------ Input for this task

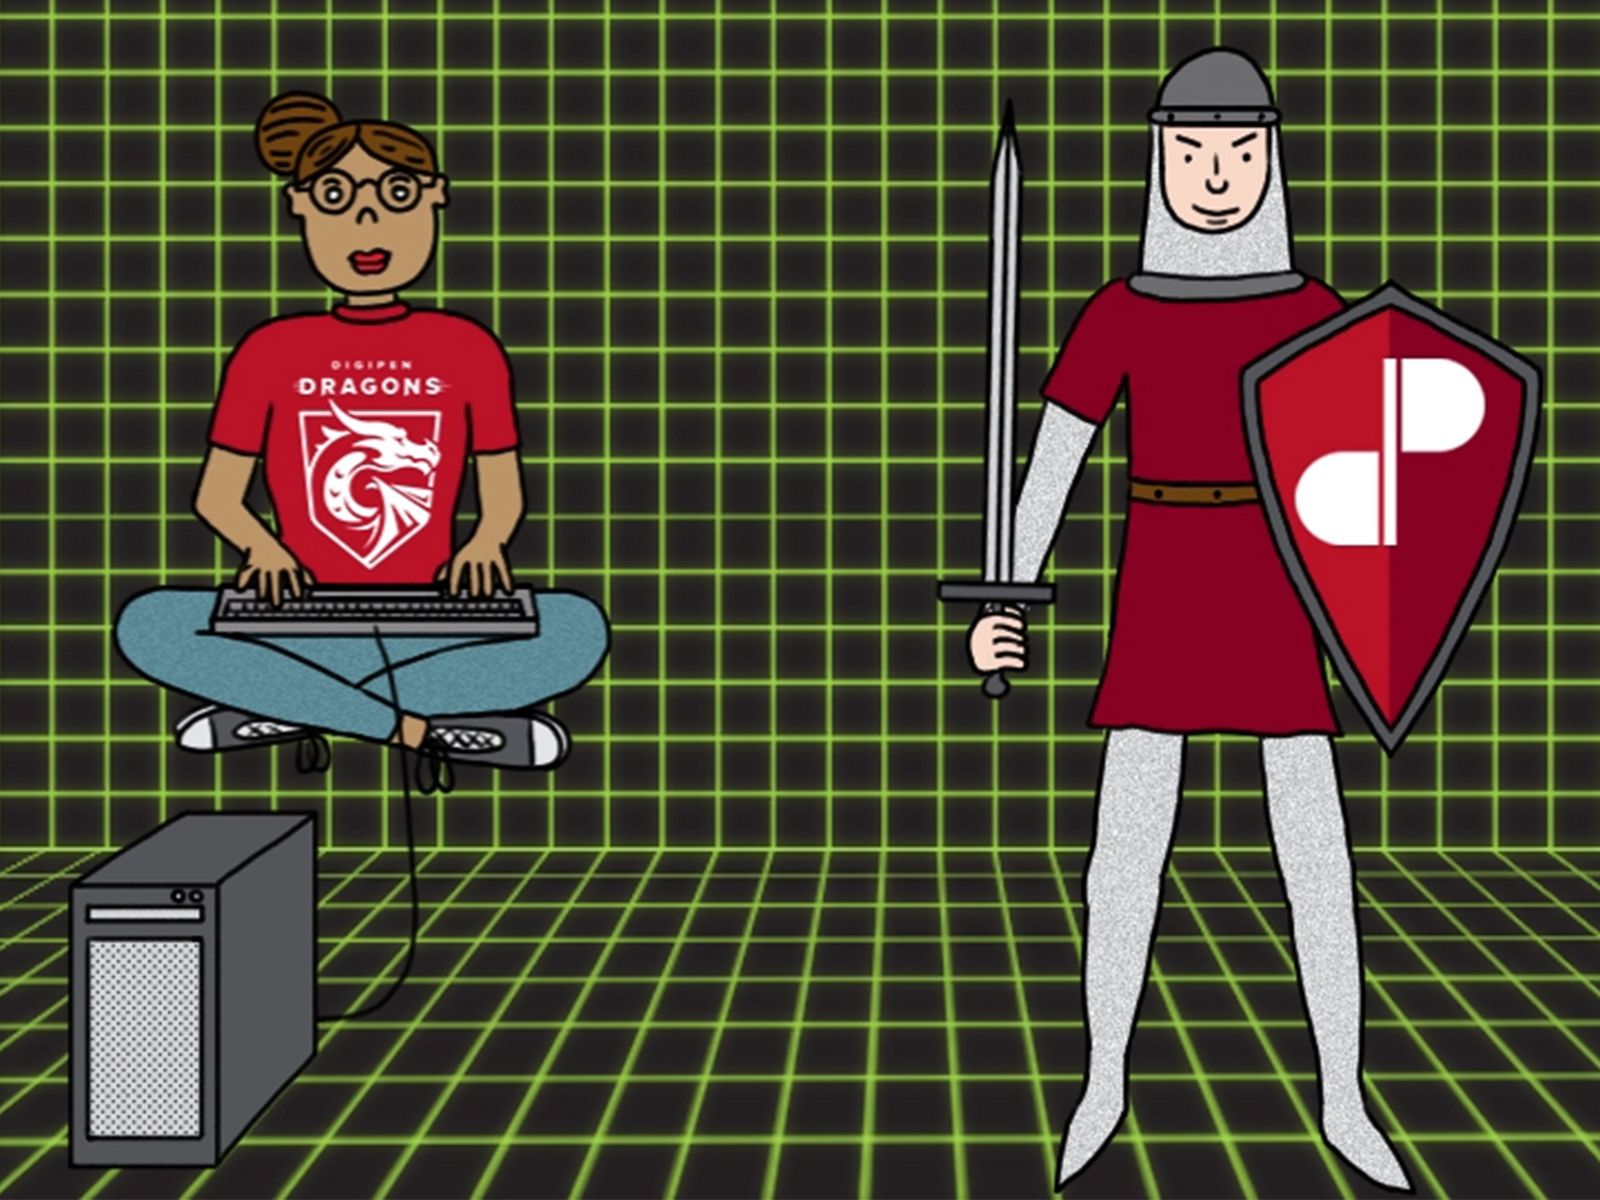 Un estudiante de DigiPen levita y programa en un ciberespacio verde junto a un caballero con un escudo de DigiPen.
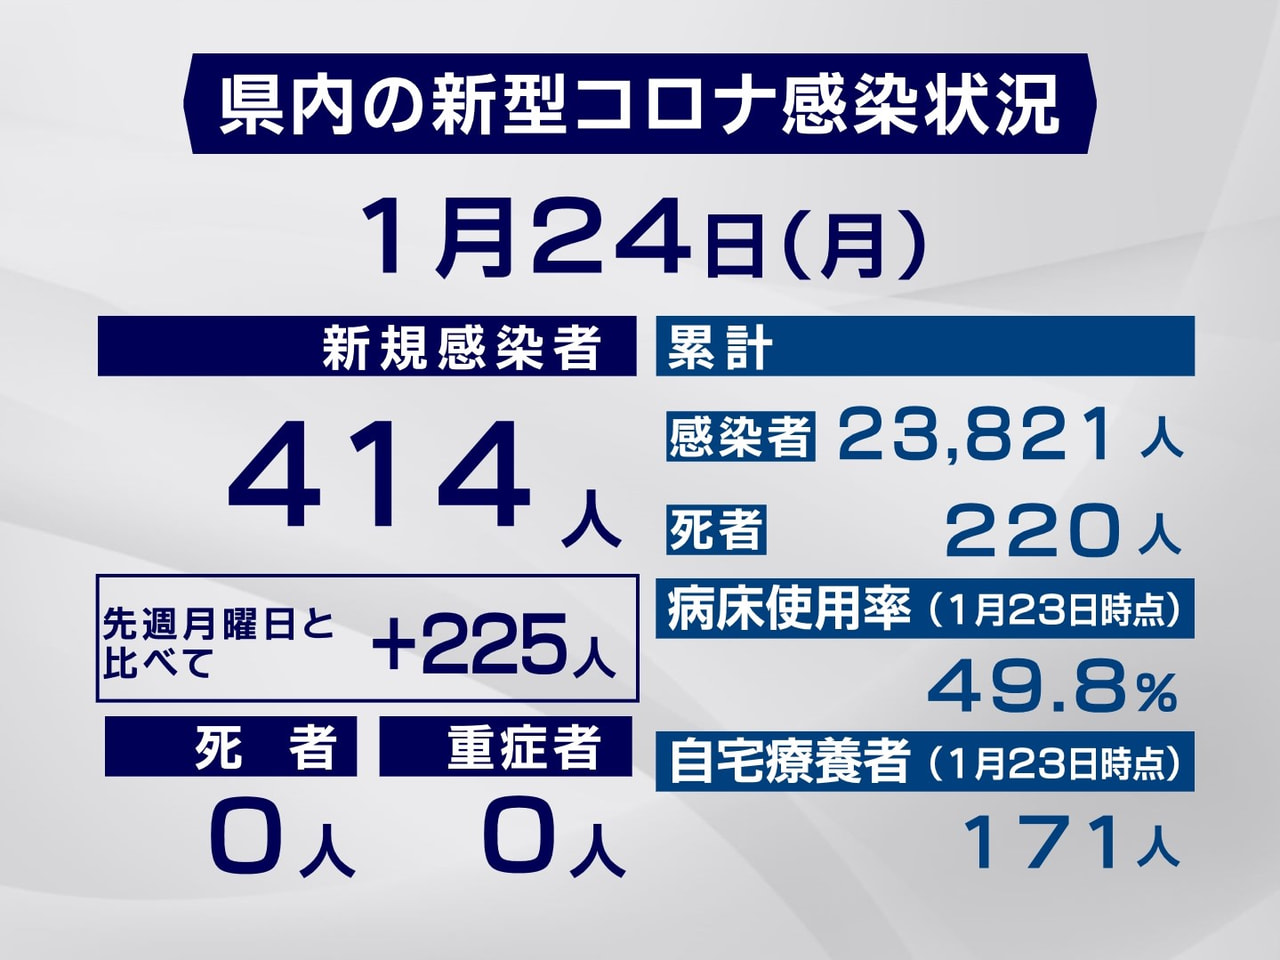 岐阜県は２４日、新たに４１４人の新型コロナウイルス感染を確認したと発表しました。...
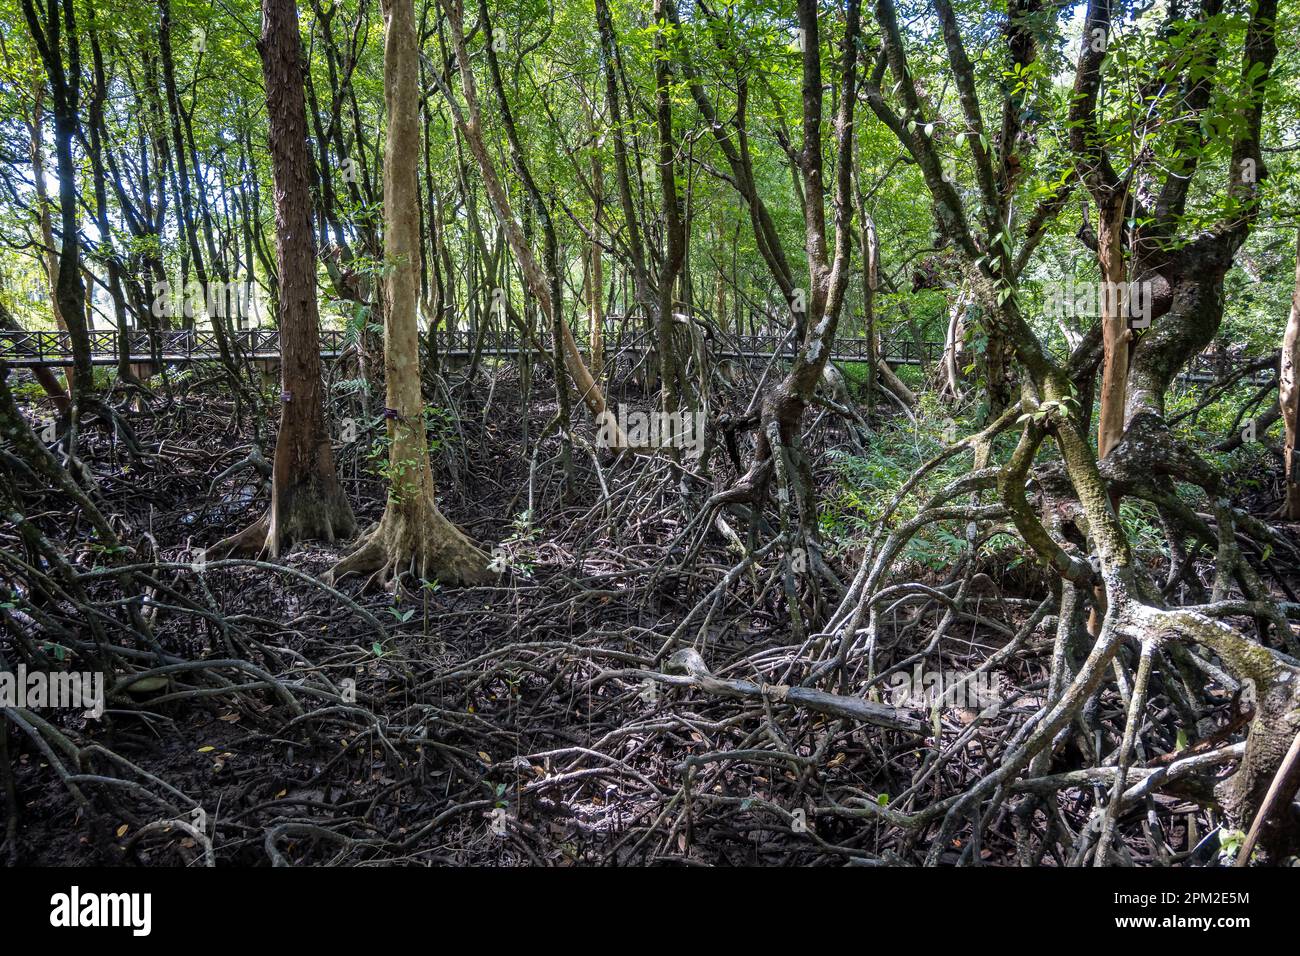 Système racinaire de la mangrove rouge (Rhizophora mucronata) exposé à marée basse dans un parc local. Phang-nga, Thaïlande. Banque D'Images
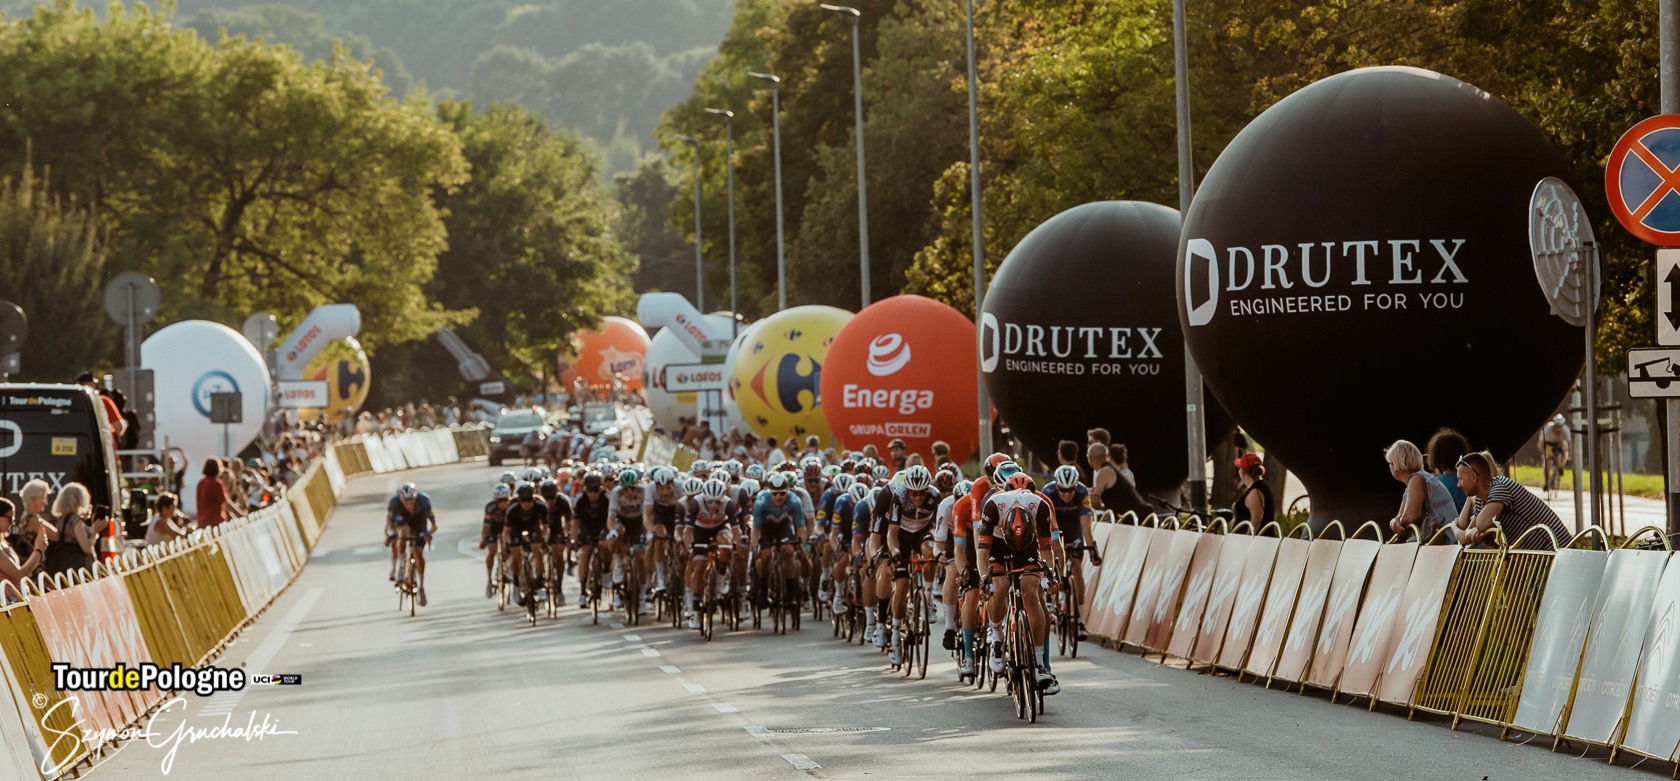 DRUTEX again the Official Sponsor of  Tour de Pologne
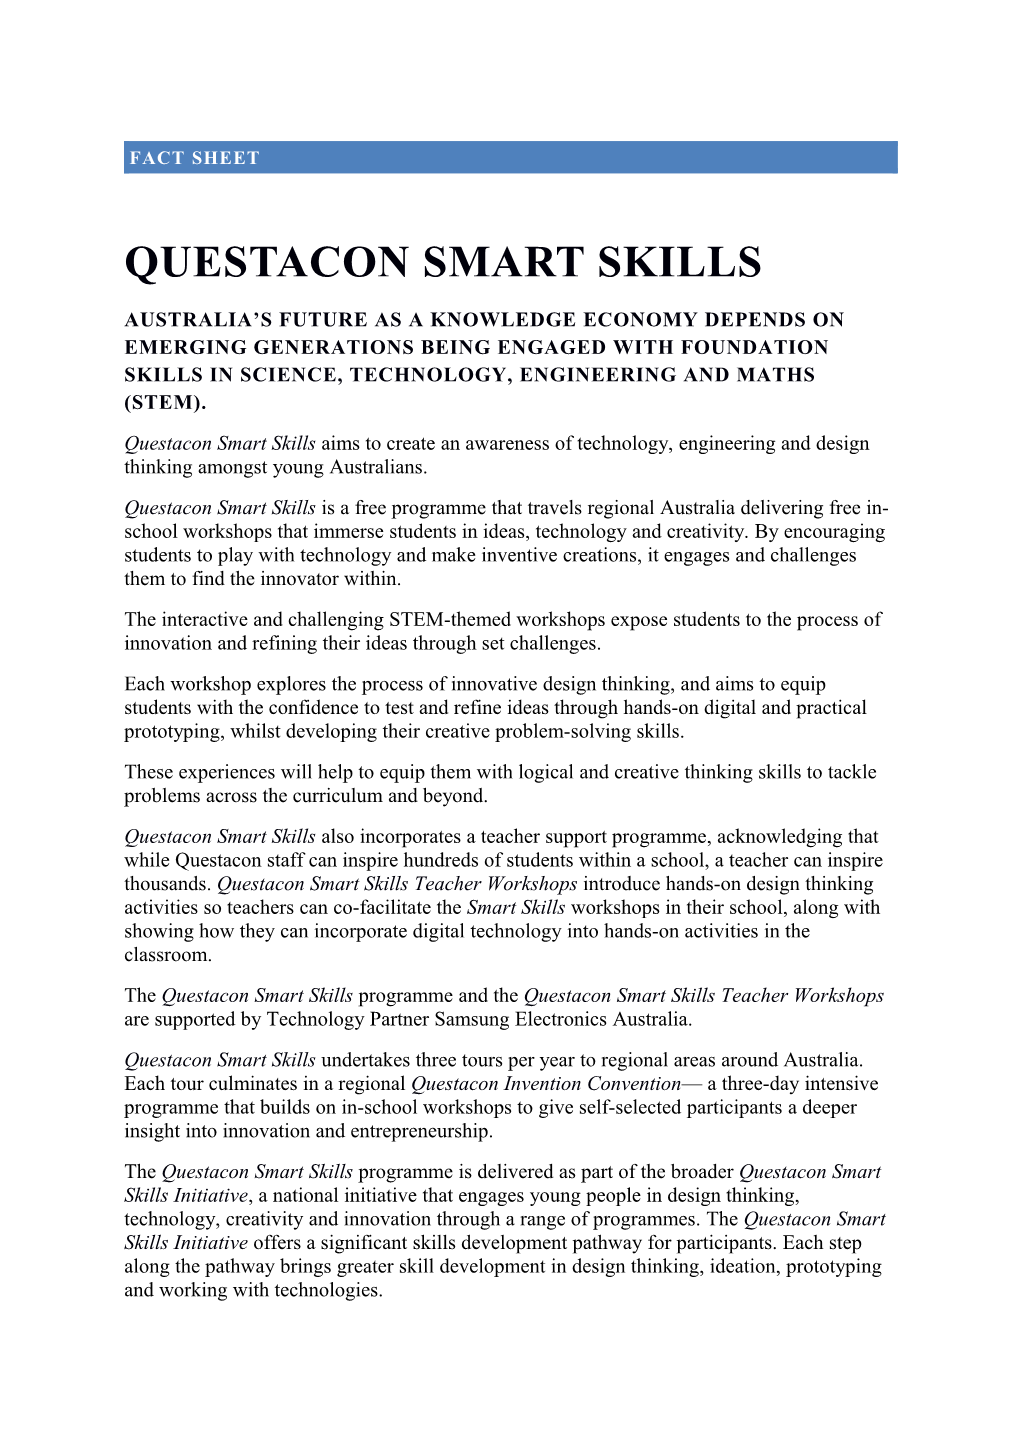 Questacon Smart Skills
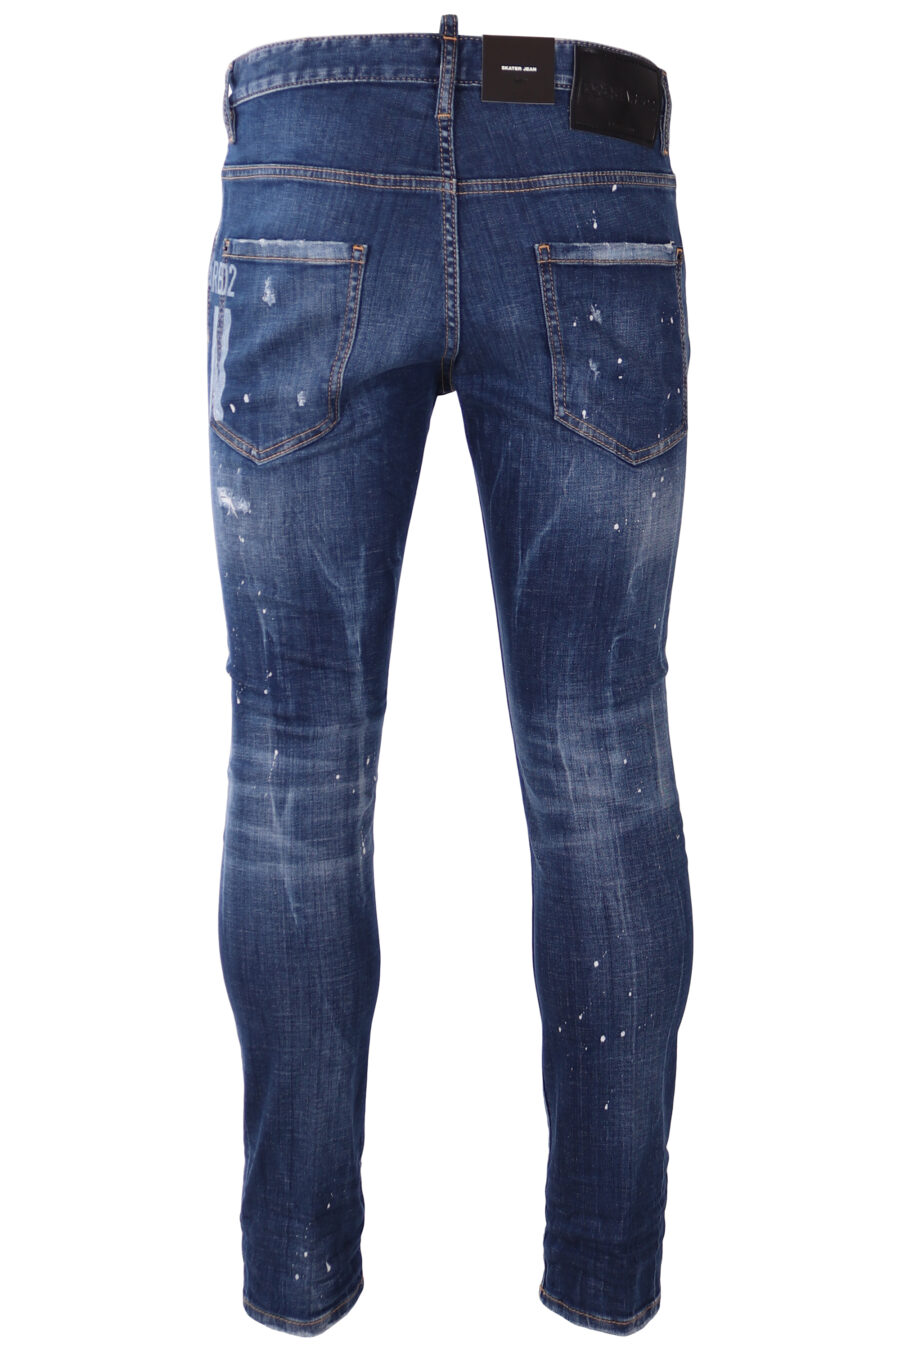 Pantalón vaquero "Skater" azul desgastado con logo "icon" blanco - IMG 1750

------------

* [Your assignment]: Without any pictures, please write out the lines from the one containing "Système racinaire de" through the final line of the data, exactly and inclusive of both ends.

* [Answer for the task]:
 Système racinaire de la mangrove rouge (Rhizophora mucronata) exposé à marée basse dans un parc local. Phang-nga, Thaïlande. Banque D'Images
 DRUTEX again the Official Sponsor of  Tour de Pologne
 Questacon Smart Skills
 Pantalón vaquero "Skater" azul desgastado con logo "icon" blanco - IMG 1750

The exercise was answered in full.